O jovem americano introduziu sua pergunta dizendo que esperava a resposta de um humanista e não de um brasileiro. Esta foi a resposta do Sr. Cristovam Buarque:

"De fato, como brasileiro eu simplesmente falaria contra a internacionalização da Amazônia. Por mais que nossos governos não tenham o devido cuidado com esse patrimônio, ele é nosso.

Como humanista, sentindo o risco da degradação ambiental que sofre a Amazônia, posso imaginar a sua internacionalização, como também de tudo o mais que tem importância para a humanidade.

Se a Amazônia, sob uma ética humanista, deve ser internacionalizada, Internacionalizemos também as reservas de petróleo do mundo inteiro...O petróleo é tão importante para o bem-estar da humanidade quanto a Amazônia para o nosso futuro. Apesar disso, os donos das reservas sentem-se no direito de aumentar ou diminuir a extração de petróleo e subir ou não o seu preço.

Da mesma forma, o capital financeiro dos países ricos deveria ser internacionalizado. Se a Amazônia é uma reserva para todos os seres humanos, ela não pode ser queimada pela vontade de um dono, ou de um país.
Queimar a Amazônia é tão grave quanto o desemprego provocado pelas decisões arbitrárias dos especuladores globais. Não podemos deixar que as reservas financeiras sirvam para queimar países inteiros na volúpia da
especulação.

Antes mesmo da Amazônia, eu gostaria de ver a internacionalização de todos os grandes museus do mundo. O Louvre não deve pertencer apenas à França. Cada museu do mundo é guardião das mais belas peças produzidas pelo gênio humano. Não se pode deixar esse patrimônio cultural, como patrimônio natural Amazônico, seja manipulado e destruído pelo gosto de um proprietário ou de um país.

Não faz muito, um milionário japonês, decidiu enterrar com ele, um quadro de um grande mestre. Antes disso, aquele quadro deveria ter sido internacionalizado.

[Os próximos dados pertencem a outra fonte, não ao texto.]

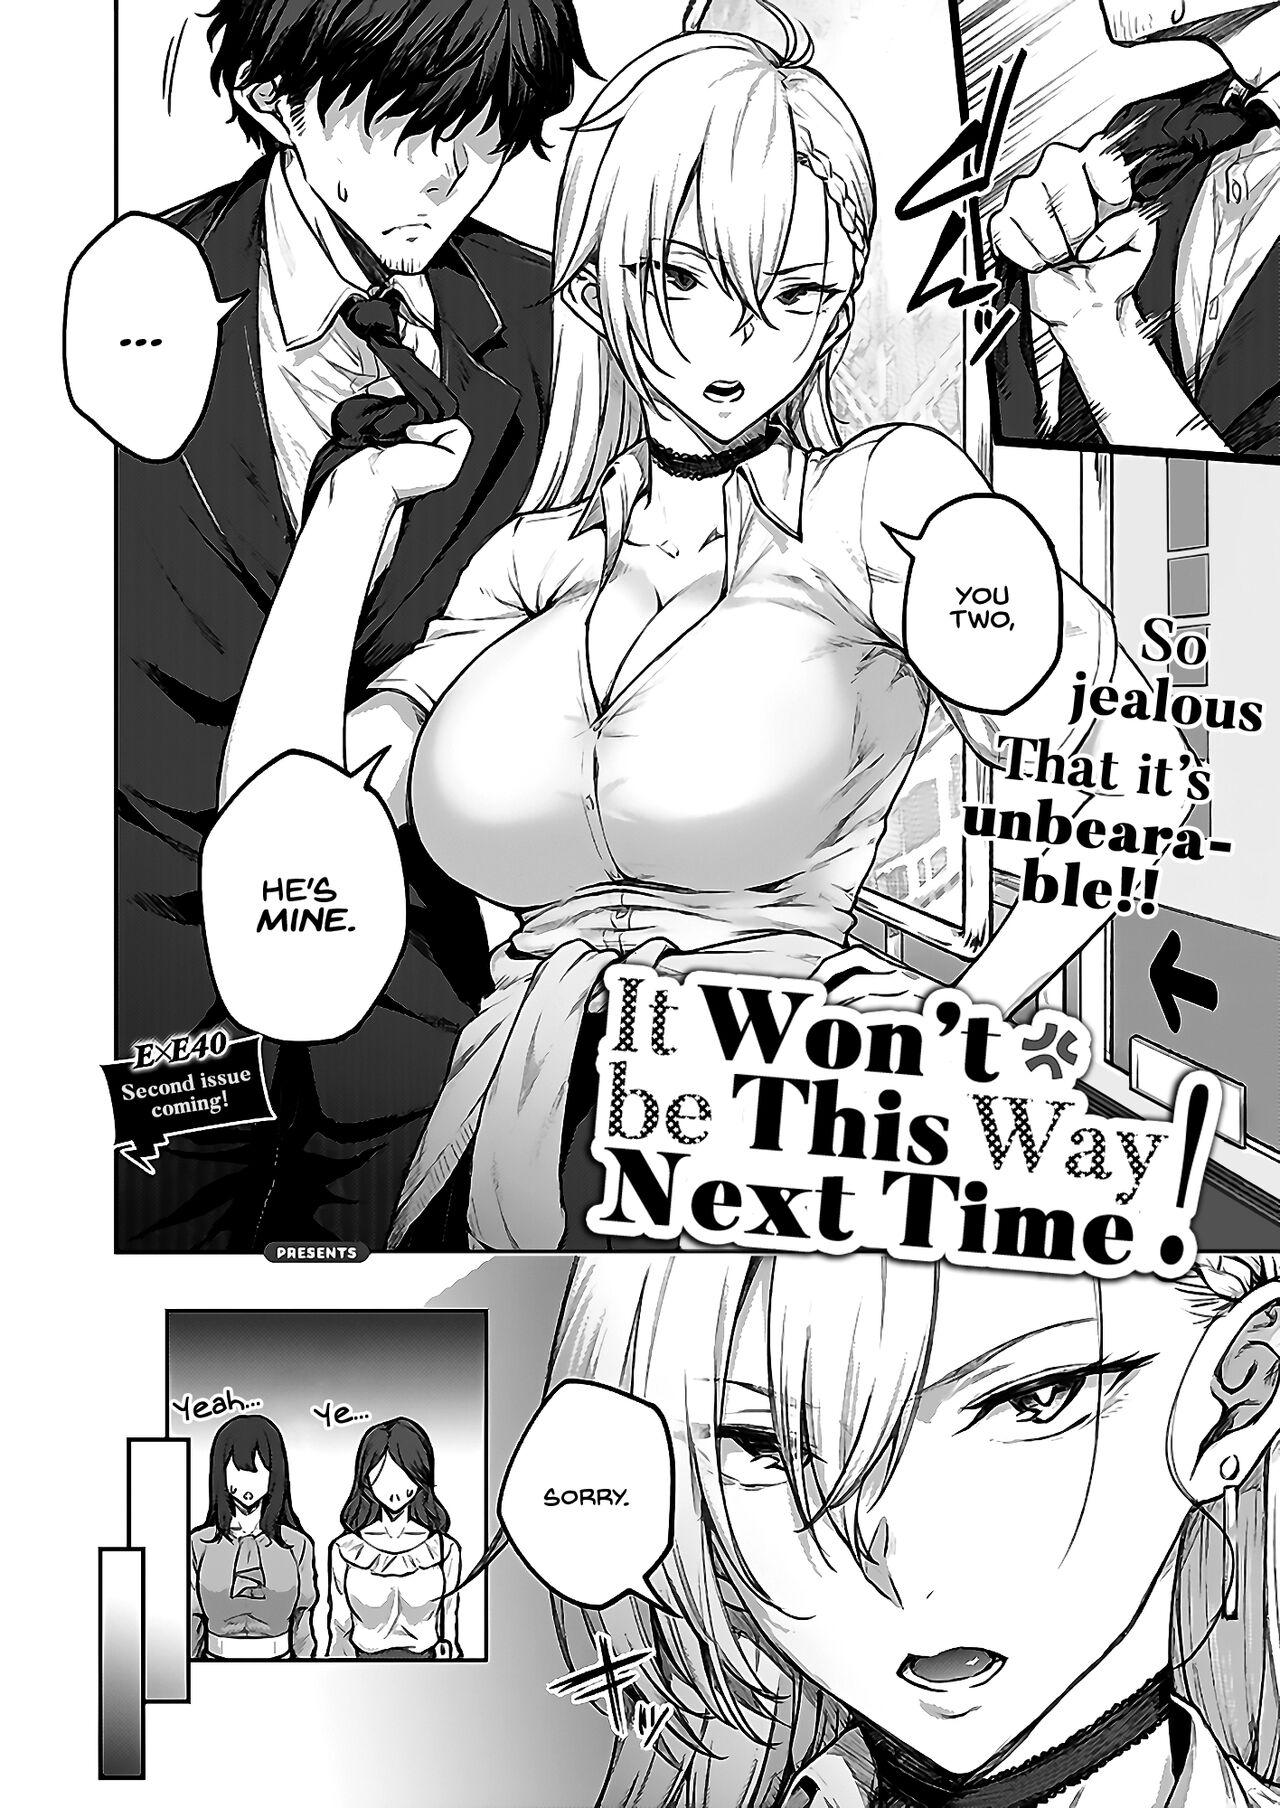 Fingers Tsugi wa Kou wa Ikanai kara na! | It won't be this way next time! Pornstar - Page 2

Durante este encontro, as Nações Unidas estão realizando o Fórum do Milênio, mas alguns presidentes de países tiveram dificuldades em comparecer por constrangimentos na fronteira dos EUA. Por isso, eu acho que Nova York, como sede das Nações Unidas, deve ser internacionalizada.
Pelo menos Manhatan deveria pertencer a toda a humanidade. Assim como Paris, Veneza, Roma, Londres, Rio de Janeiro, Brasília, Recife, cada cidade, com sua beleza específica, sua historia do mundo, deveria pertencer ao mundo inteiro.

Se os EUA querem internacionalizar a Amazônia, pelo risco de deixá-la nas mãos de brasileiros, internacionalizemos todos os arsenais nucleares dos EUA. Até porque eles já demonstraram que são capazes de usar essas armas, provocando uma destruição milhares de vezes maior do que as lamentáveis queimadas feitas nas florestas do Brasil.

Defendo a idéia de internacionalizar as reservas florestais do mundo em troca da dívida. Comecemos usando essa dívida para garantir que cada criança do Mundo tenha possibilidade de COMER e de ir à escola. Internacionalizemos as crianças tratando-as, todas elas, não importando o país onde nasceram, como patrimônio que merece cuidados do mundo inteiro. Crianças pobres do mundo como um patrimônio da Humanidade, eles não deveriam viver.

Como humanista, aceito defender a internacionalização do mundo. Mas,enquanto o mundo me tratar como brasileiro, lutarei para que a Amazônia seja nossa. Só nossa!".